Exemption from IMT and Stamp Tax: Savings Accounts for Young People Up to Age 35


Are you 35 or younger and looking to buy a home? Then we have some good news for you!

Given the great difficulty young people face in purchasing a home in Portugal, the government approved, at a meeting of the Council of Ministers, amendments to real estate legislation that, among other things, include a a government guarantee for mortgage loans and an exemption from the IMT (Municipal Tax on the Transfer of Real Estate for Consideration) and the Stamp Tax.
Let's start by looking at what this government guarantee entails.

A young couple holding the key to their new home

What is the Public Guarantee for home loans for young people up to age 35?

In practice, this government guarantee makes it possible to young people up to age 35 consider the government as a kind of “guarantor” when applying for a mortgage to purchase a property worth up to a maximum amount of 450,000 euros, which will make it easier to get the loan approved by the bank.

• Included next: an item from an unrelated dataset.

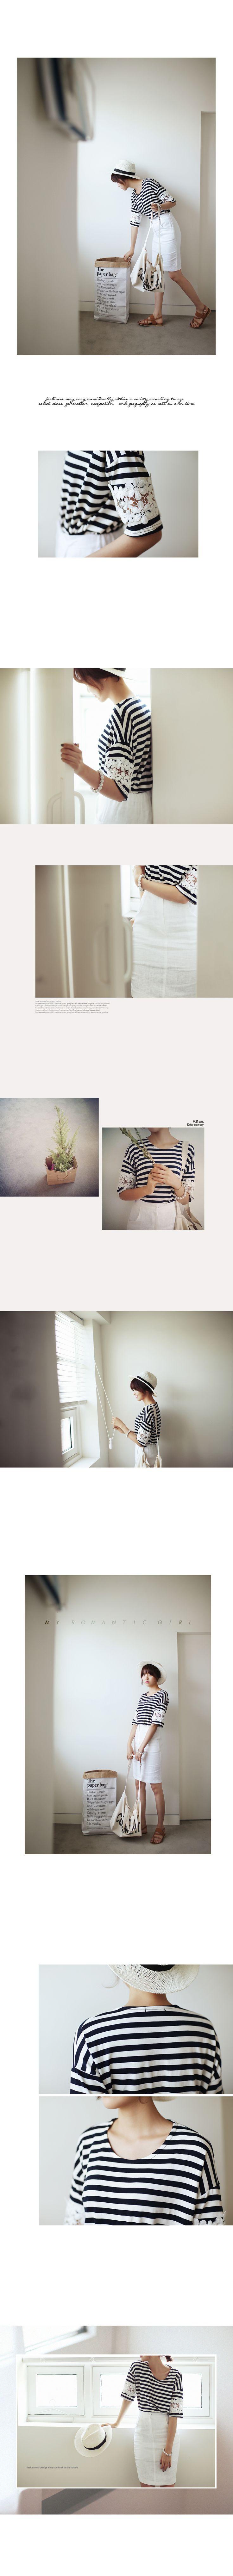 スリーブレースボーダーTシャツ・全3色トップス・カットソーカットソー・Tシャツ|レディースファッション通販 DHOLICディーホリック [ファストファッション 水着 ワンピース]

In addition to the buyer being limited to 35 years of age or younger, the rules for this assistance—which can cover up to 15% of the property’s market value (67,5 mil euros)—require that the home in question be used as a permanent residence and that the borrower(s) under the contract do not fall into a tax bracket higher than the 8th IRS bracket.

This government guarantee of up to 15% of the loan amount is ultimately extremely important because, according to the rules of the Bank of Portugal, real estate financing offered by banks and credit institutions has a maximum of 90%, which required borrowers to contribute the remaining 10%.

Now, with this guarantee, if, for example, you want to purchase a property with a sale price and an appraised value of 240,000 euros, the bank will finance up to a maximum of 216,000 euros, with the remaining 24,000 euros covered by the government.

As we have emphasized, this public guarantee is accompanied by an exemption from property transfer tax (IMT) and an exemption from stamp duty—measures and their practical implications that we will now explore.

IMT Exemption

What is IMT?

IMT or Municipal Tax on the Transfer of Real Estate for Consideration, is a tax paid to the government on real estate purchases, the amount of which varies depending on the property’s taxable value (VPT), its location, its intended use, and the applicable rate (ranging from 1% to 8%).
Given these factors, the IMT is generally the most expensive of all the taxes you will have to pay when purchasing your first permanent home, which makes this exemption measure, proposed by the government, essential in terms of access to credit and housing.

Who is eligible for the IMT exemption?

Under this measure, which took effect on August 1, young people up to age 35 who purchase a home for their own permanent residence up to the 4th IMT bracket (316,722 euros) will be able to take advantage of the exemption from paying this tax.
If the value exceeds 316,722 euros, the full exemption no longer applies. When purchasing a property valued at up to 633,453 euros, young people up to age 35 will only have to pay the IMT corresponding to the amount above 316,722 euros.

Stamp Tax Exemption

What is the Stamp Tax, and how much is it?

Stamp Tax is a consumption tax on transactions or contracts to which VAT does not apply.

In practice, this tax is levied on all acts, contracts, documents, papers, securities, or other legal situations listed in the General Stamp Tax Schedule, including loans, lease agreements, games of chance, and other financial transactions.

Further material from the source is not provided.